If you are looking for a project and like the looks of this cute little war machine, then read on to find out how to build one for yourself!

Please note, this build requires an APK app that is only compatible with Android phones. 

Like any project of this nature, you are going to need a few bits and bobs. For this build, you will need:

With all the materials needed in hand, it is time to get on with the build. 

The first step is to 3D print all the parts you need. Either use your own 3D printer or find a supportive friend to help you out. The .stl files can be found above and here. 

You may want to vary the color of parts to make your tank really stand out, but that is completely up to you.

Once the printing is complete, and you have cleaned up the parts, the next step is to begin assembly of the mini-tank. Grab two of the motors and place them into their respective slots on the base 3D model part.

Secure them into place using superglue or a hot glue gun. 

Next, grab the 3D printing parts that will form the main driving sprockets for the tank's tracks -- there will be four in total (two for each track). These sprockets come in two main forms.

The first pair should have a hole in the smaller plate to enable them to be affixed to the motors. The other pair will have no holes. 

Assemble them as shown in the video and the image below. The main gear piece would freely rotate around the endplates, this is critical. 

Affix two of the sprockets to each of the motors you previously affixed to the main tank body. Ensure they freely rotate as these will be the main drive wheels for your little baby tank.

With these two wheels in place, grab two of the rubber timing belts and slip onto the main drive wheels. Now grab the other pair of sprockets with no holes in the base. 

Wrap the timing belt tracks around these, and stretch the timing belt so that these sprockets can be superglued on the other end of the tank's main body.

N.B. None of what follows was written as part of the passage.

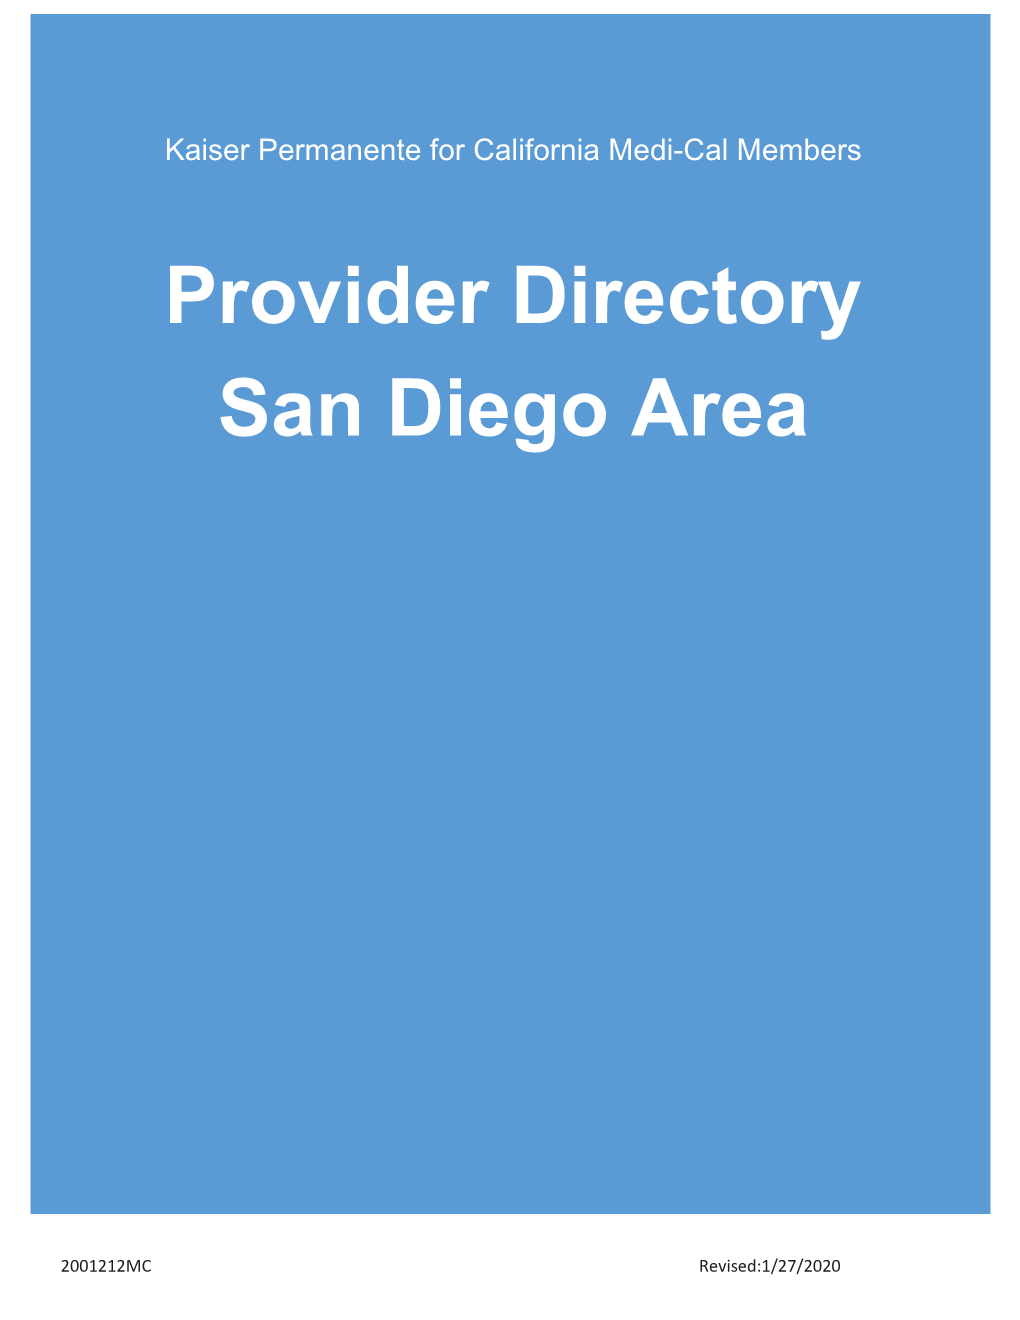 Provider Directory San Diego Area

Allow the glue to cure, and then test the tracks by gently rotating it around in one direction. There should be a little resistance from the motor, but they should freely move. 

With the main mechanical parts assembled, it is time to turn our attention to the electrical gubbins'.

Grab the motor driver and some different colored wires. Solder one end of the wires to the driver board, as shown in the video and the image below. 

Now grab the WiFi module. Match up and solder the wires from the driver board as shown in the video and image below -- take your time here and make sure the wires are correctly paired.

Now wire up a battery connector to the driver board ready to receive some juice a little later on. Next, grab the FPV camera and solder it to the WiFi board as shown in the video.

Again, make sure you wire the connector and FPV camera to correct places on the boards. 

Now, grab your partially completed tank and solder the motor wires to the motor driver board as shown. 

And with that, the main micro-circuitry is complete. Now we need to turn our attention to the tank's software.

Connect the WiFi module to a computer using a USB cable. Upload the NodeMCU_Car code provided here (we have also pasted it at the end of this tutorial for your convenience). 

With the code uploaded, stick the electrical gubbins into the belly of the mini-tank. For best results use adhesive pads. 

Now, grab the closer plate for the tank's main body and seal up the belly of the tank. Ensure the FPV camera remains outside of the tank body (obviously).

With the top plate in place, grab some more superglue and affix the FPV camera to the "front" of the tank. 

Now, grab the battery, connect to the battery connector and affix it to the top of the tank. Again consider using adhesive pads as you may want to replace the battery in the future. 

With that, the tank is pretty much complete. Now all you need is a means of controlling the little thing. 

Thankfully for you, the creator made a handy little app for just this purpose. We have included the link to it in the materials list above, but you can also download the .apk file here. 

Once installed, connect your phone to the tank via WiFi, open the app, and get the mini tank a-rumblin'!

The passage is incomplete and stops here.